The number one challenge every new meditator deals with is making meditation a daily habit.

How I keep a healthy mind is similar to how I keep a healthy immune system. Everyday I eat a good diet and do some form of physical exercise to keep my body healthy. I do this to be proactive incase I get sick. Who actually likes to be paralyzed in bed with the flu?

I meditate everyday to be proactive incase situations arise that cause stress, anxiety, or some overwhelming emotion. I prepare for that moment so that I can step away from the emotion or thought and think clearly. I prepare so that I do not not engage with that emotion or thought instinctively.

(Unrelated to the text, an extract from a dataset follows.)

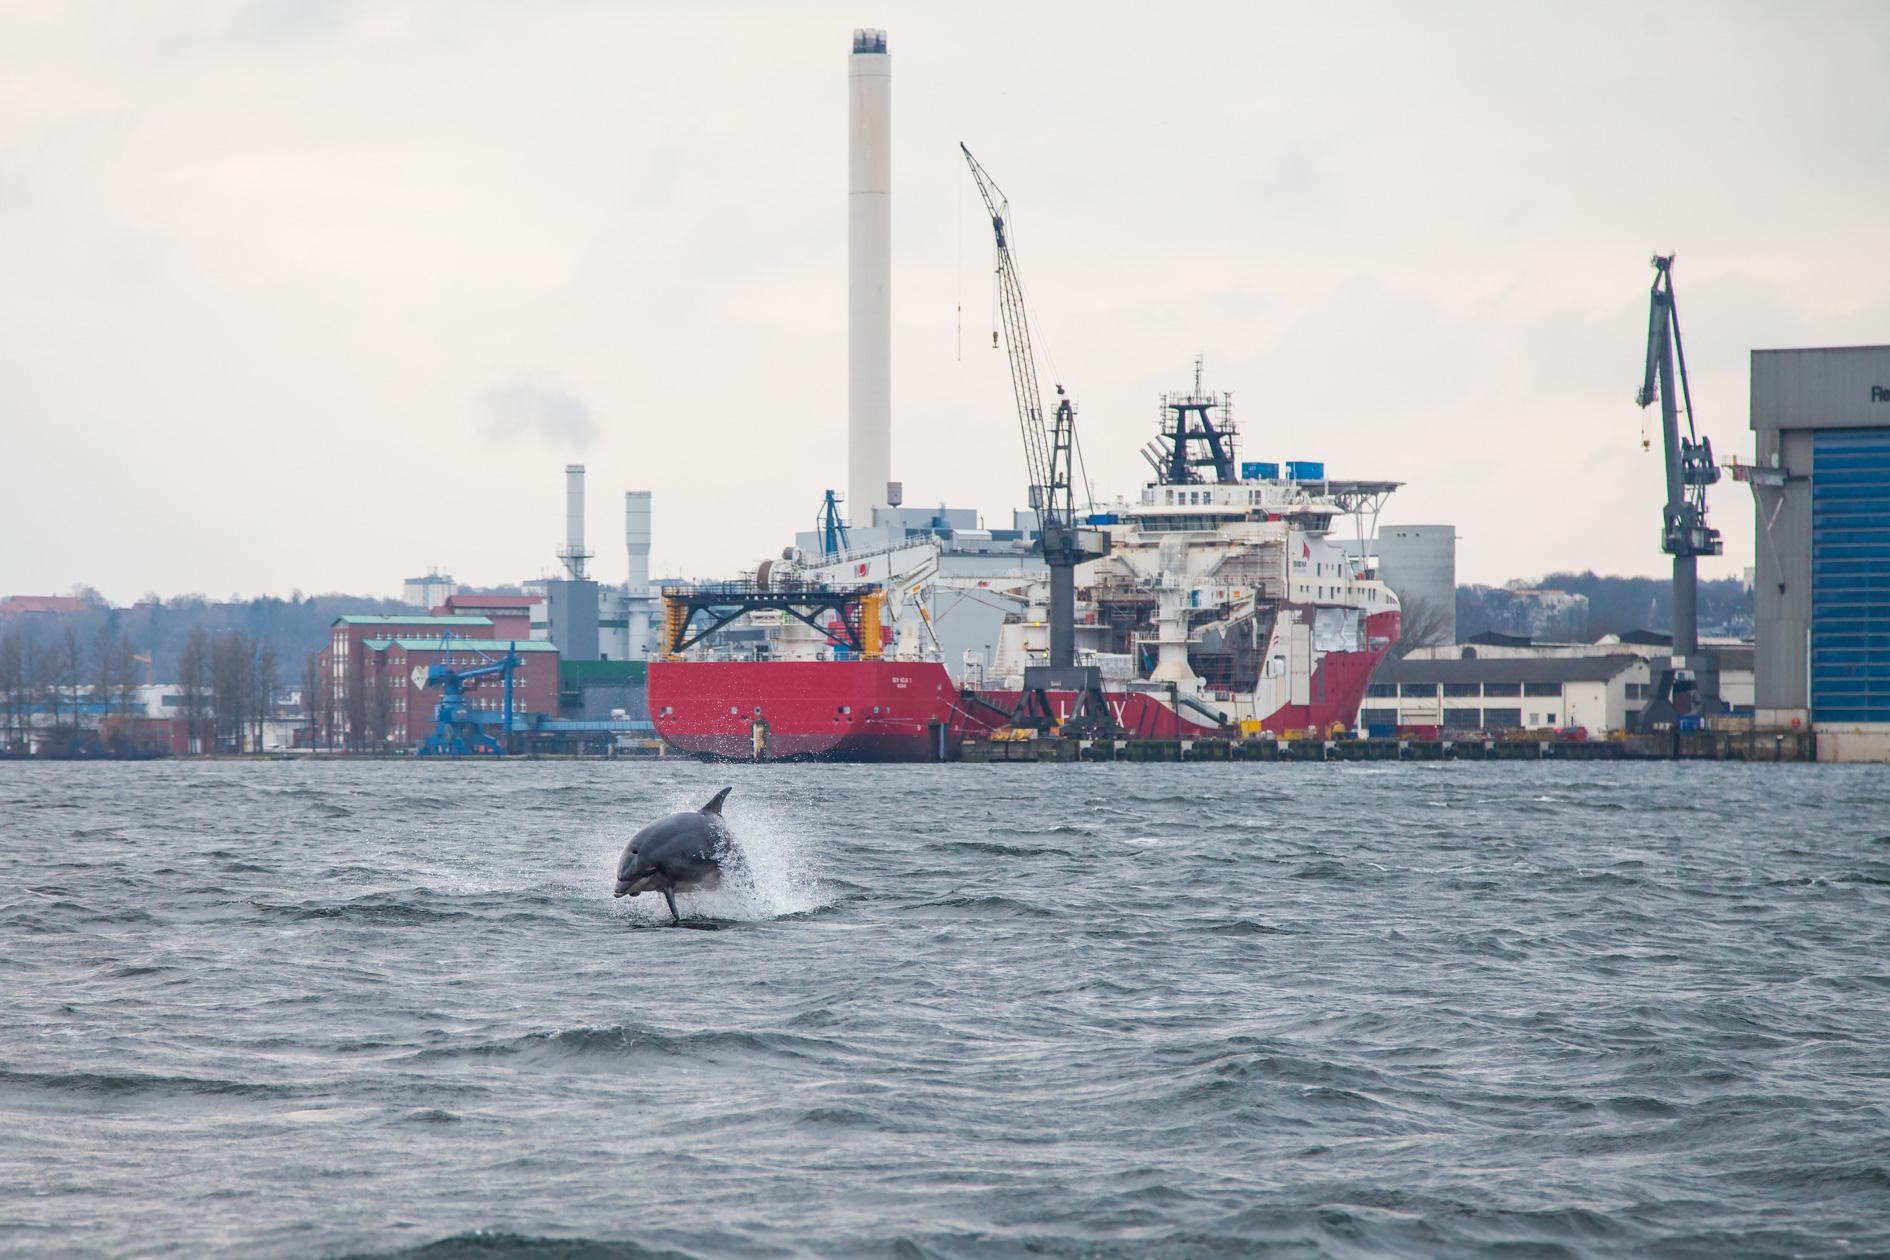 Delfin in Flensburger Förde

The word instinctively is key here. When is there time to think about whether we want to get stressed from a thought which causes stress? There isn’t. We naturally do it, so how do we rewire our minds? By practicing every single day.

During my mindfulness meditation practice, there is a repeated cycle. A thought arises, my mind wanders, I recognize I have wandered, and I return my attention the breath. It is this back and forth that builds my muscle to be present. I am training my mind not to engage with my thoughts and emotions in a relaxed situation for that single moment.

That single moment when I realized I forgot to pay my taxes on time. That single moment when someone cuts me off while driving. That single moment when I look at someone’s picture on Instagram on the beach at Turks and Caicos, while I’m at work stuck in meetings.

I’m also finding that a growing number of new meditators only meditate when they are stressed out or feel like they are on the verge of an anxiety attack. That’s like if the Karate Kid called Mr. Miyagi to teach him how to throw a punch over the phone while he is in the midst of a fight. You need to train everyday so you can handle the situation naturally and gracefully.

If you find yourself in this category or just starting out, I implore you to meditate everyday to the degree that your schedule allows.

It’s better to meditate 5 minutes per day then an hour or two once per week.

Here are three things that you can do to make sure its part of your routine.

  • Set a consistent time and place. I keep two pillows next to the couch and whip them out first thing every morning. I always meditate right when I get out of bed before I catch up on social media and email.
  • Prepare for your meditation. I reflect on my motivation for meditating before I actually meditate every time. I wrote more about that here.
  • Find someone to keep you accountable. It’s so important to have a friend or community to keep you on track when you veer off. This was big for me.